In this article, we will continue the examination of distinct counts we began in our previous article, Considering DISTINCT COUNT. Having discussed why distinct counts are useful, and often required, within the design of robust analysis and reporting applications, we described some of the challenges that are inherent in distinct counts. We then undertook practice exercises to illustrate general solutions to meet example business requirements, providing an approach afforded us by the MSAS user interface, and then an alternative approach we enacted using MDX. Our purpose, as we stated, was to lay the framework for this and subsequent articles, where we will focus upon specific scenarios that occur commonly in the business environment, where optimization of distinct counts can become a very real consideration. In this article, we will examine one approach to the optimization of the use of DISTINCT COUNT within our applications: We will focus upon the optimization of DISTINCT COUNT through the isolation of the DISTINCT COUNT attributes into a separate cube, and show how this represents one of the more efficient approaches to optimizing the related functionality. To accomplish our objectives, we will undertake the following steps in this article:
Set the stage by providing a hypothetical business requirement;
Meet the requirement with an MDX query that contains DISTINCT COUNT;
Comment upon performance of the query in general;
Create a separate cube to house the DISTINCT COUNT attributes of our solution;
Combine the new DISTINCT COUNT cube with the previously existing cube, through the creation of a virtual cube in MSAS;
Create a new query, targeting the virtual cube as its source, to return a dataset identical to that returned by our initial query;
Comment upon performance gains in executing the new query upon the new cube combination.
Managing Distinct Counts
Considerations and Comments
We mentioned in our introductory article, Considering DISTINCT COUNT, that it is common in the business environment to encounter the need to quantify precisely the members of various sets of data. A simple example, and one upon which we will expand in our hypothetical business requirement, involves the number of customers who are purchasing a product, or group of products, sold by an organization. We learned in the previous article that we can exploit settings within MSAS’ Analysis Manager, as well as take more advanced approaches, to extend our analysis even further, and leverage MSAS to reach our specific business objectives.
We discussed why distinct counts differ from simple counts, noting that a distinct count might comprise, as an example, a count of the different products that were purchased, or of the individual customers who purchased our products. To review our discussion, COUNT(), in providing a total number of, say, customers, would also be providing multiple counts of the same customers, because customers will have, in most cases, purchased multiple products, multiple times. To reach our objective of counting different customers, then, we would need to count each different customer, only once. As we noted in our previous session, using COUNT() when DISTINCTCOUNT() is required not only misstates the number of different customers, but it also likely renders averages, and other metrics similarly based upon the count value, misleading or totally useless in our analysis efforts.

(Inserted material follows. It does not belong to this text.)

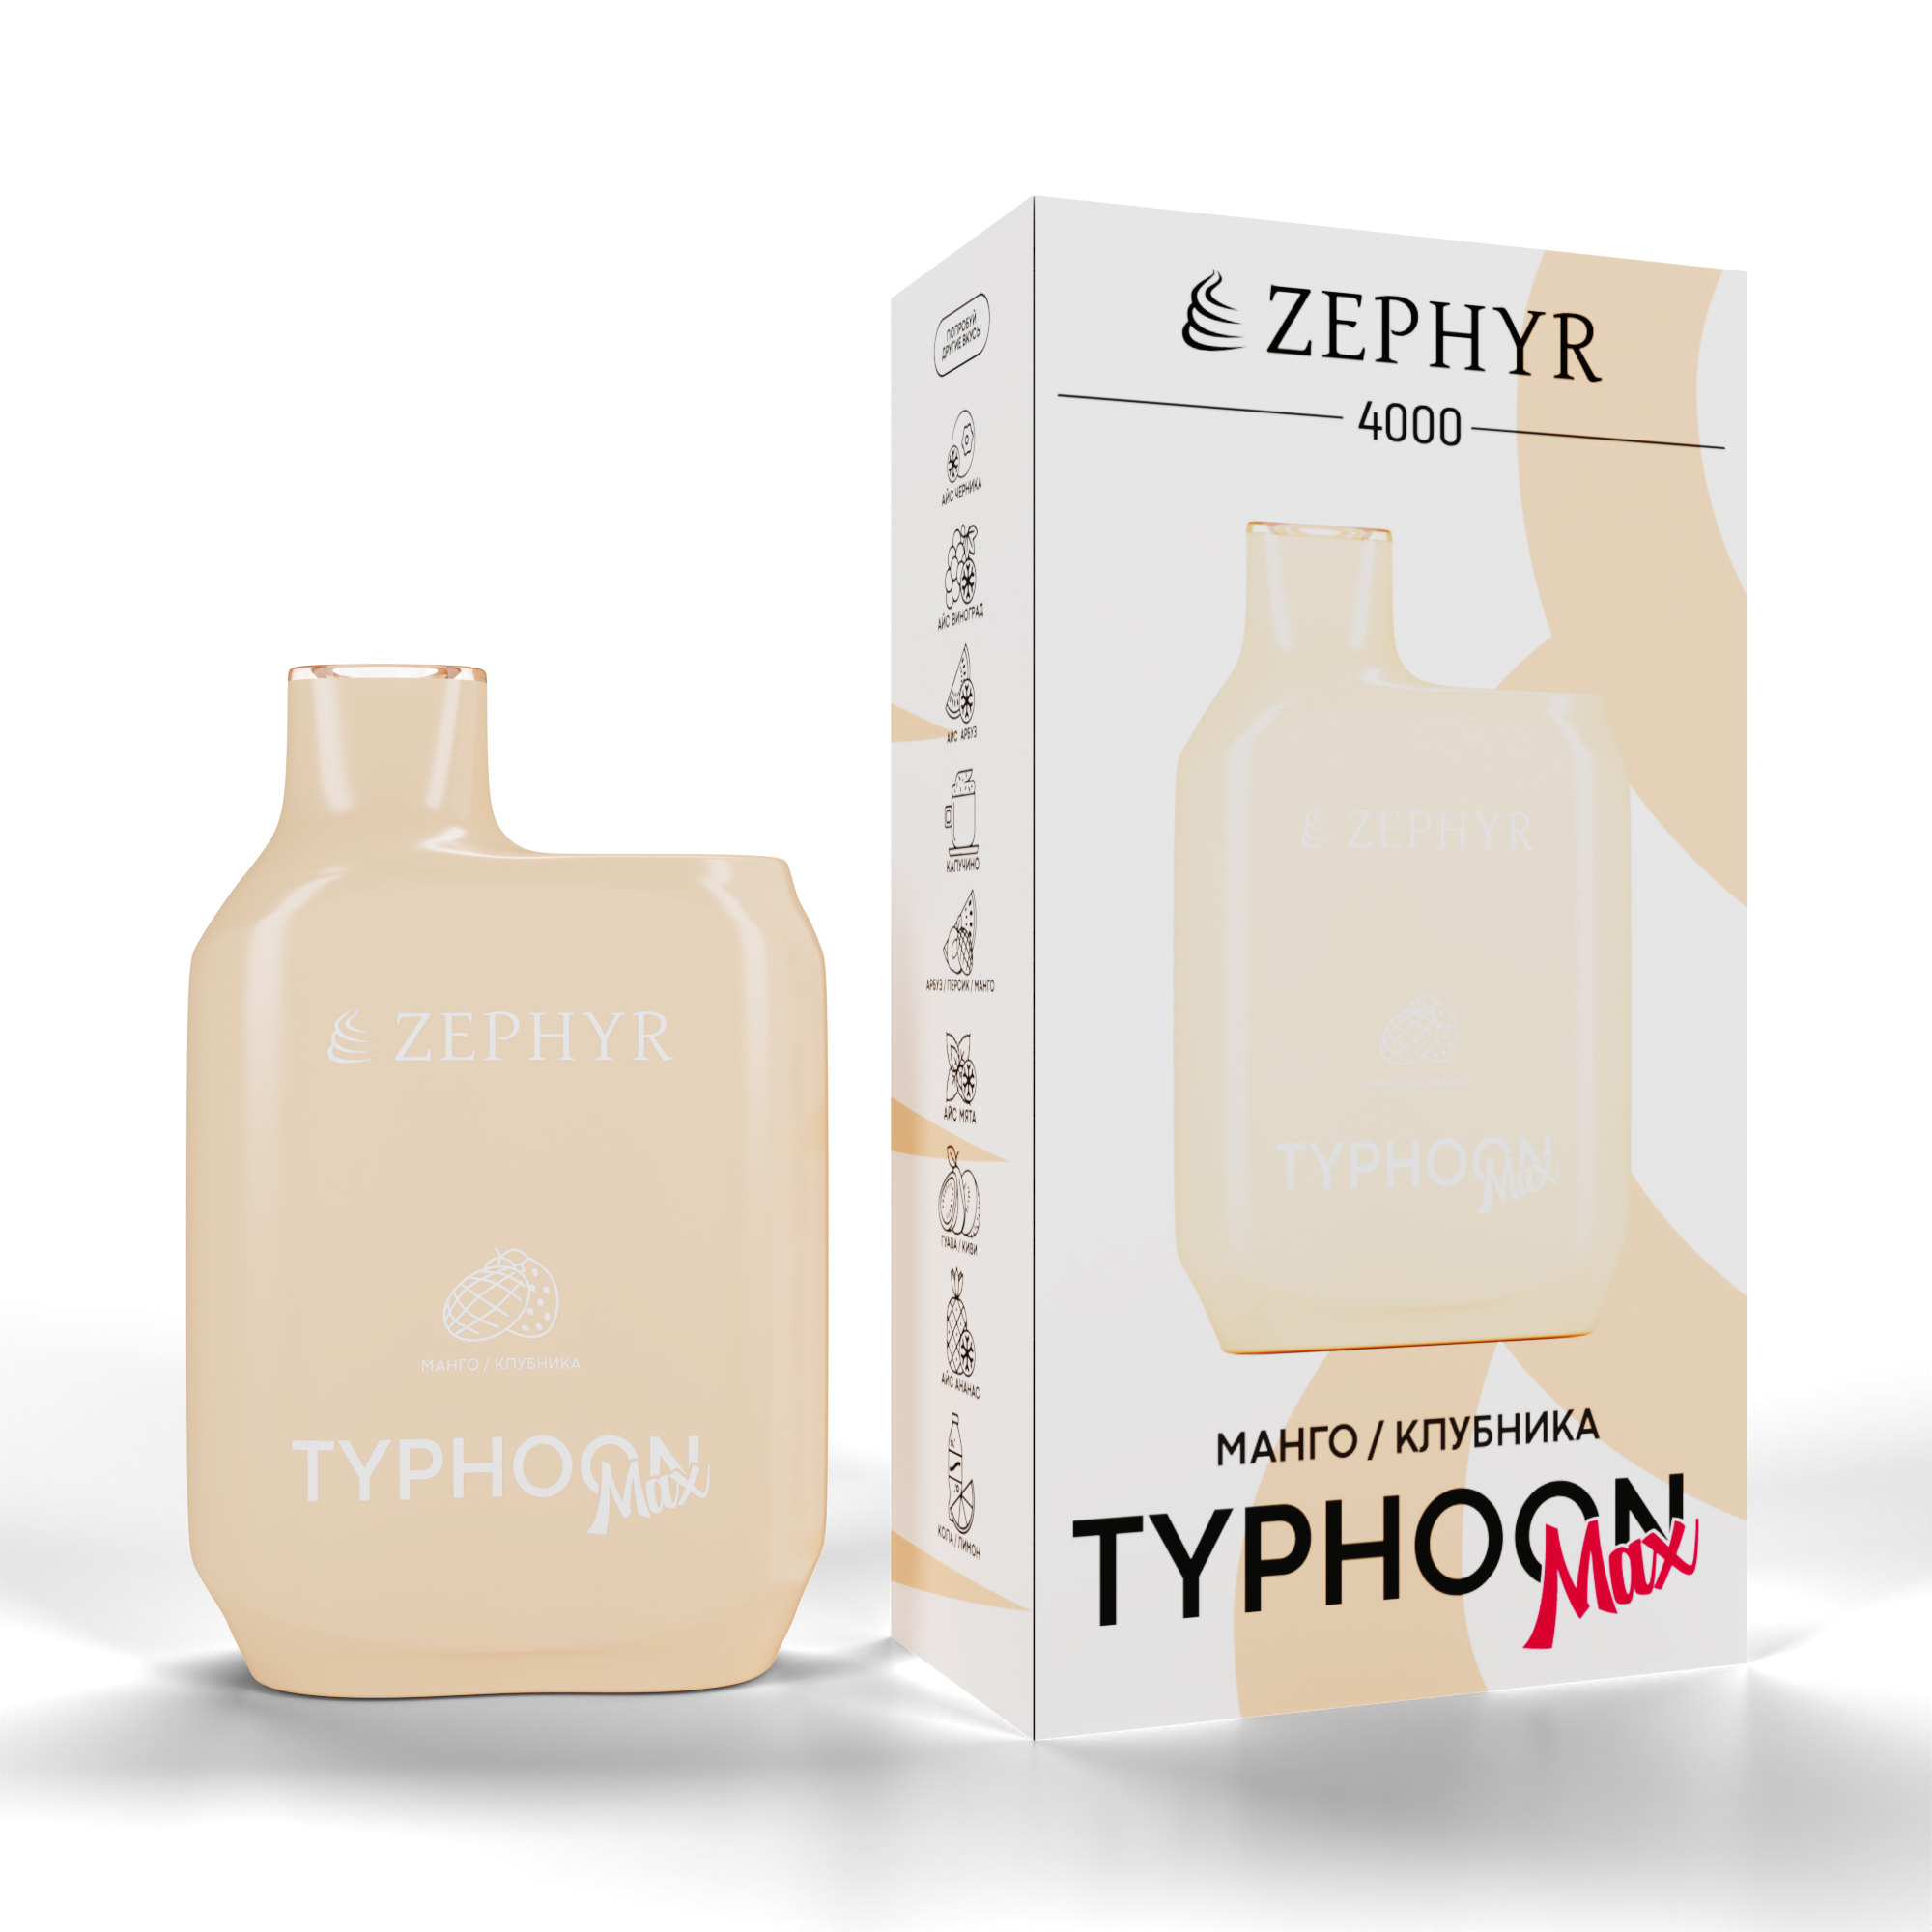 Одноразовая ЭС ZEPHYR Typhoon 4000, Strawberry Mango, 19 мг/см3, 12 мл (М)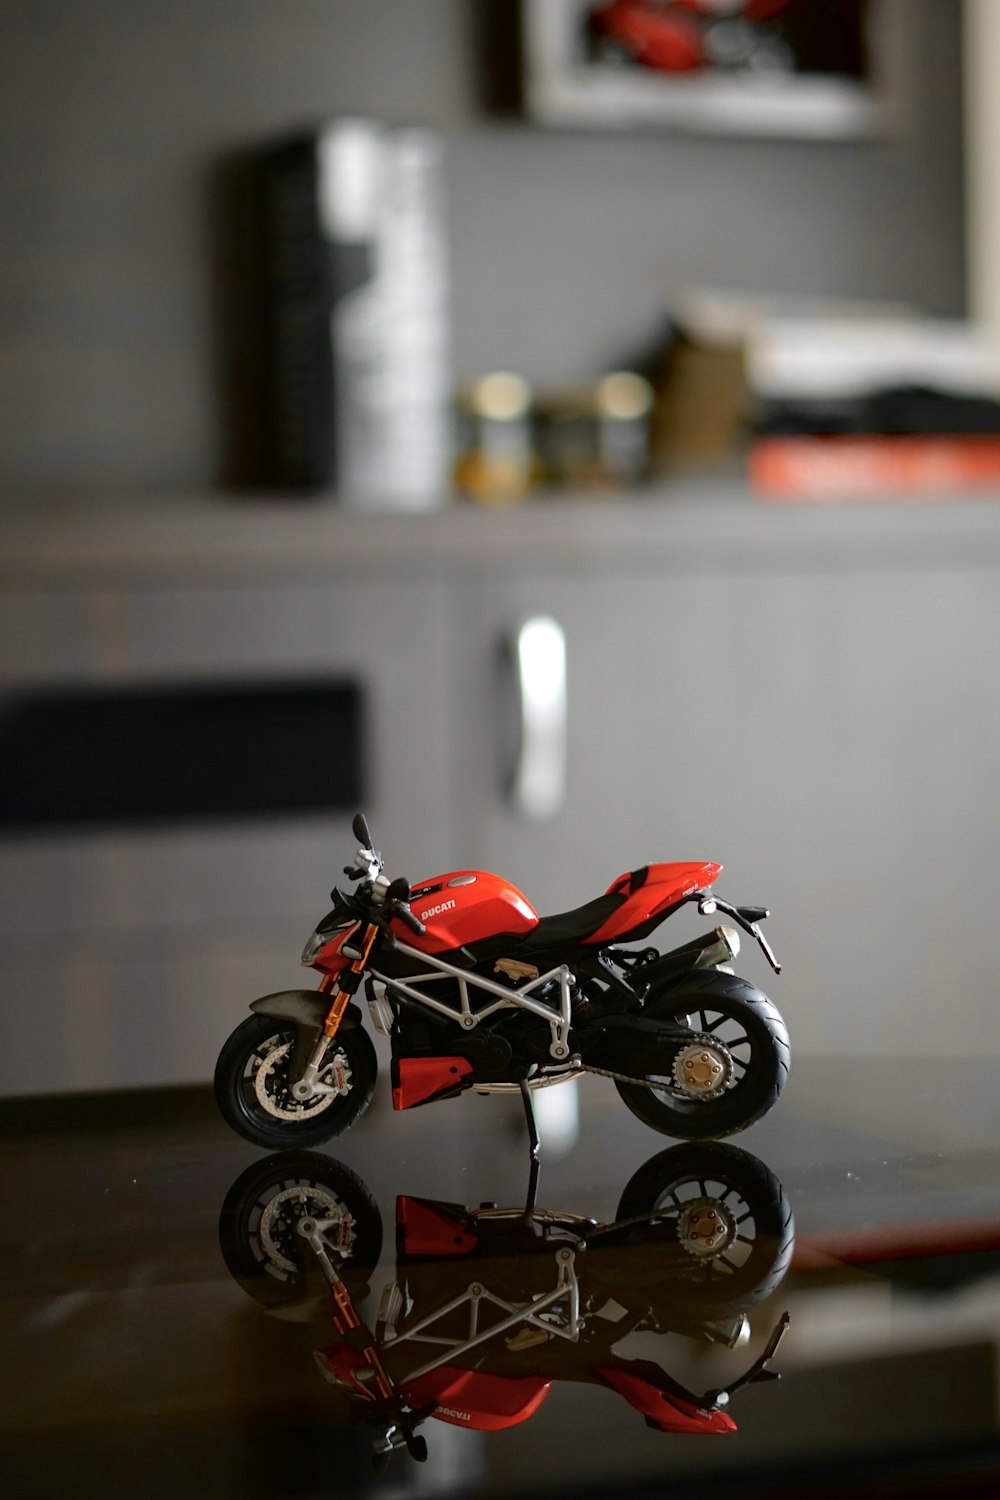 Maqueta de motocicleta roja y negra

Let’s discuss an example that illustrates a solution to meeting an illustrative need, which expands upon the customer example to which we have alluded. The example will also highlight the performance challenges that can arise in simply addressing such requirements in an intuitive manner. We will then take steps to reshape our solution to take advantage of another approach that meets the need, while bettering the performance of the overall solution.
We will begin with a scenario that illustrates a requirement for a distinct count, using a hypothetical business need to add practical value. Let’s say that a group of information consumers within the FoodMart organization have approached us with an information request they wish to meet using the Sales cube. The consumers want to be able to analyze the performance of products, by category, both in terms of dollar sales, and number of different customers contributing to those sales, for the third quarter (Q3) of 1997. In addition, they wish to see an “average sales per (distinct) customer” within the same dataset.
We will initially attempt to meet the needs of the consumers with relatively simple MDX, having introduced both MSAS and MDX approaches in Considering DISTINCT COUNT (see the steps provided there, if you have joined the series with this article, and find the initial query we present to be less than intuitive.)